Checklist to Determine if Diagram Should be brailled

  • If the actual object is unavailable
  • If the object is too small or too large to examine by touch and recognise details
  • If the object is dangerous to touch
  • When it is necessary to show size relationship between objects
  • When the pupil needs information to answer questions and take part in class discussions from maps/graphs etc

Checklist for Making Decisions about a Tactile Diagram

  • Why is this picture/map/figure important?
  • What are the most important elements to communicate?
  • Who will use this material?
  • Age group
  • mental and/or physical condition
  • pupil's experience or ability

Checklist

How will this figure be used?

  • with or without help from a sighted teacher
  • with other children who are sighted or blind
  • with actual concrete objects

Where will the material be used?

  • in a classroom setting
  • at home for leisure reading or games
  • as part of a test
  • as an orientation map

Accessible Mathematics for Visually Impaired People

  • Some branches of mathematics can be presented in the form of tables, diagrams and graphs.
  • There are tactile equivalents and significant advances in technology in this area which are readily accessed by VI pupils.
  • Algebra presents a much greater problem.  Teaching primarily visual with no tactile equivalents.
  • There are huge problems in trying to translate advanced maths into an auditory format.
  • Imagine a maths teacher at a blackboard teaching differential calculus.  Language is an afterthought. Some maths teachers teach without using much language at all!
  • Visual Mathematical elegance is two dimensional with extensive use of subscripts and superscripts.  A square root sign can cover a complex of several variables.  Consider the visual complexity of the common equation.

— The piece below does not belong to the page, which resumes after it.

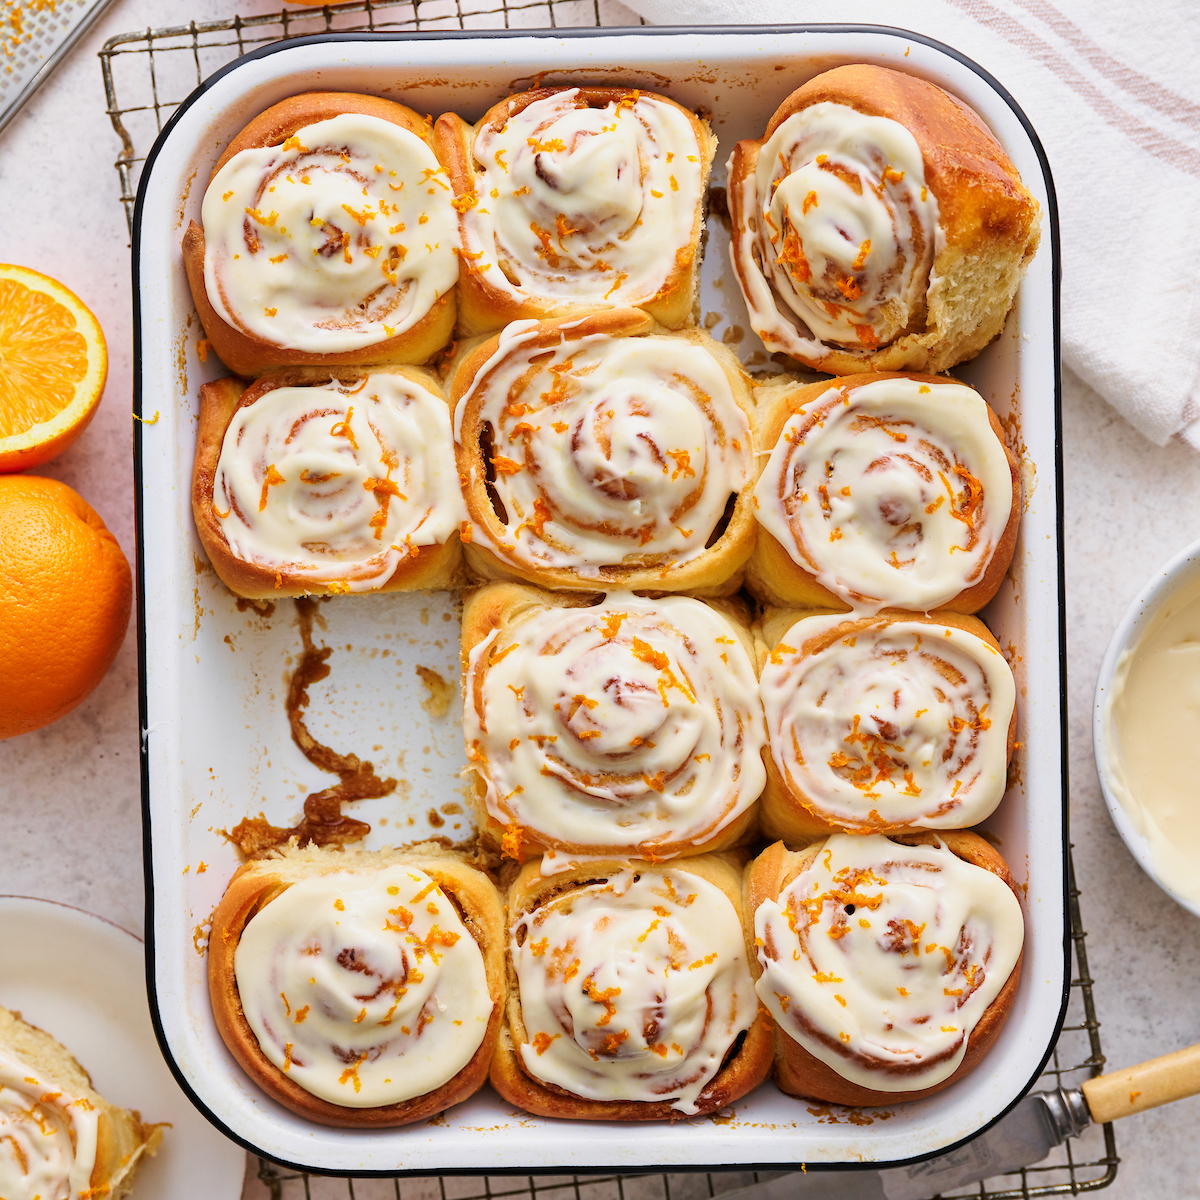 Soft and fluffy orange rolls are loaded with fresh orange flavor and slathered in cream cheese frosting! This special breakfast treat is a Christmas morning tradition in our house... but they're so good we've started making them for Easter, Mother's Day and sometimes, just because! Serve warm, straight from the baking dish!

Accessible Maths in Auditory Format

Even for sighted students, the content of the expression can be obscured by the formatting information.

The Maths Braille Code claims to allow blind students to braille all the necessary mathematical symbols for 'the highest level of mathematics'. Generally agreed that non-visual representations such as this are not as powerful as visual ones

Visual examination can scan the whole equation or parts of it, repeatedly, in order to seek understanding.  The pupil is in active control of this process.

Often listening is essentially a passive process with little pupil control.

Possible solutions to these problems;

  • Use of prosody - normal meaning - the study of versification (eg; poetry, blank verse or even limericks)
  • Prosody is concerned with intonation, pitch, rhythm, timing and rate of speech.  These elements may be used to translate complex visual images into auditory information.
  • to give the listener a more active role, an equation has to be broken down into smaller and logically ordered chunks.  The listener also needs to have control over access to these individual segments.

Long Term Objective

  • To formulate a system which will be accessible via the Internet
  • To develop programmes such as MathML, Mathtalk